住宅営業とは?仕事内容や年収相場、転職前に知りたいポイントを解説

2024年1月5日

2026年6月9日

著者

Izul広報チーム

Izul広報チーム

【この記事のポイント】
・住宅営業は顧客の理想の住まいづくりを支援する営業職
・注文住宅や建売住宅、リフォームで提案内容や働き方が異なる
・年収や向き不向き、働き方を転職前に確認することが大切

住宅営業は、顧客の理想の住まいづくりを支援する仕事です。

住宅は人生の中でも大きな買い物のひとつであり、ライフスタイルや予算、将来設計に合わせた提案力が求められます。

本記事では、住宅営業の仕事内容や種類、メリット・デメリット、転職前に押さえておきたい知識を解説します。
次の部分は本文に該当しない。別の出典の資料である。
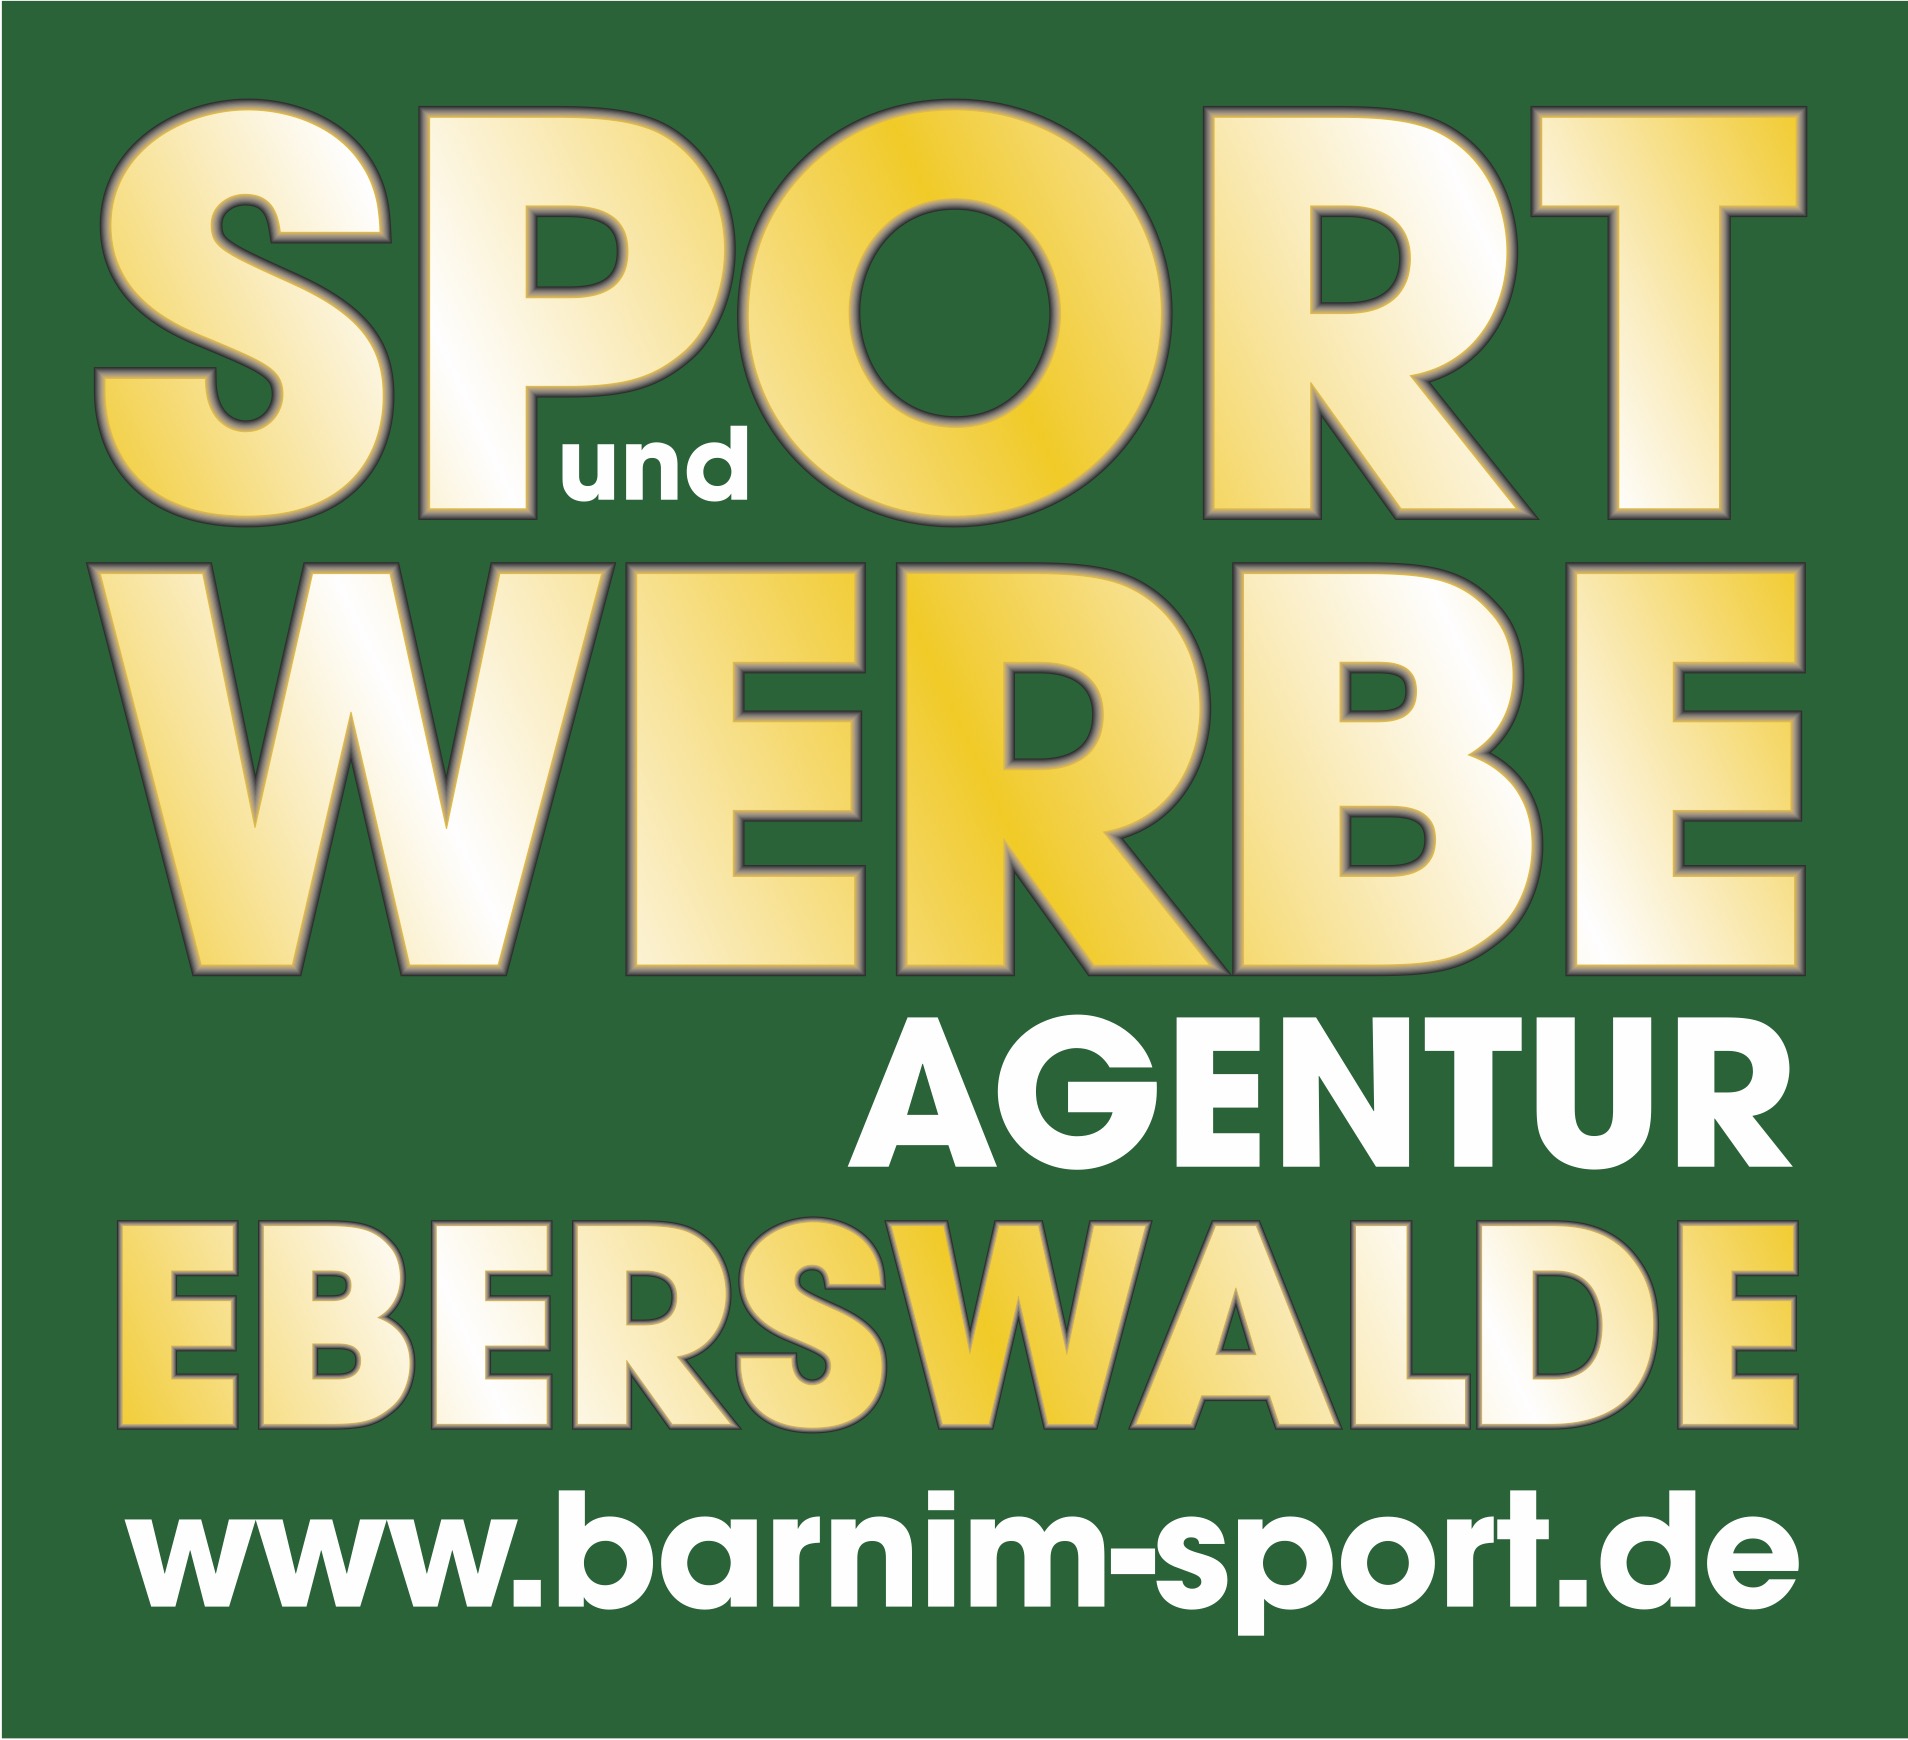 (c) Barnimsport.de

住宅営業への転職を検討している方や、今後のキャリア選択に悩んでいる方は、ぜひ参考にしてください。

住宅営業とは

住宅営業とは、戸建て住宅や注文住宅、建売住宅、リフォームなどの提案を通じて、顧客の住まいづくりを支援する営業職です。

単に住宅を販売するだけでなく、顧客の家族構成やライフスタイル、予算、将来設計を踏まえたうえで、最適な住まいの選択肢を提案します。

住宅は高額な商材であり、購入までの検討期間も長くなりやすいため、顧客との信頼関係を築きながら提案を進めることが重要です。

また、設計担当や施工担当、金融機関などと連携する場面も多く、営業力だけでなく調整力や住宅に関する幅広い知識も求められます。

住宅営業の仕事内容

具体的な業務内容は、見込み顧客へのアプローチ、ヒアリング、住宅プランや見積もりの提案、契約手続き、施工中のフォロー、引き渡し後のアフターフォローなどが代表的です。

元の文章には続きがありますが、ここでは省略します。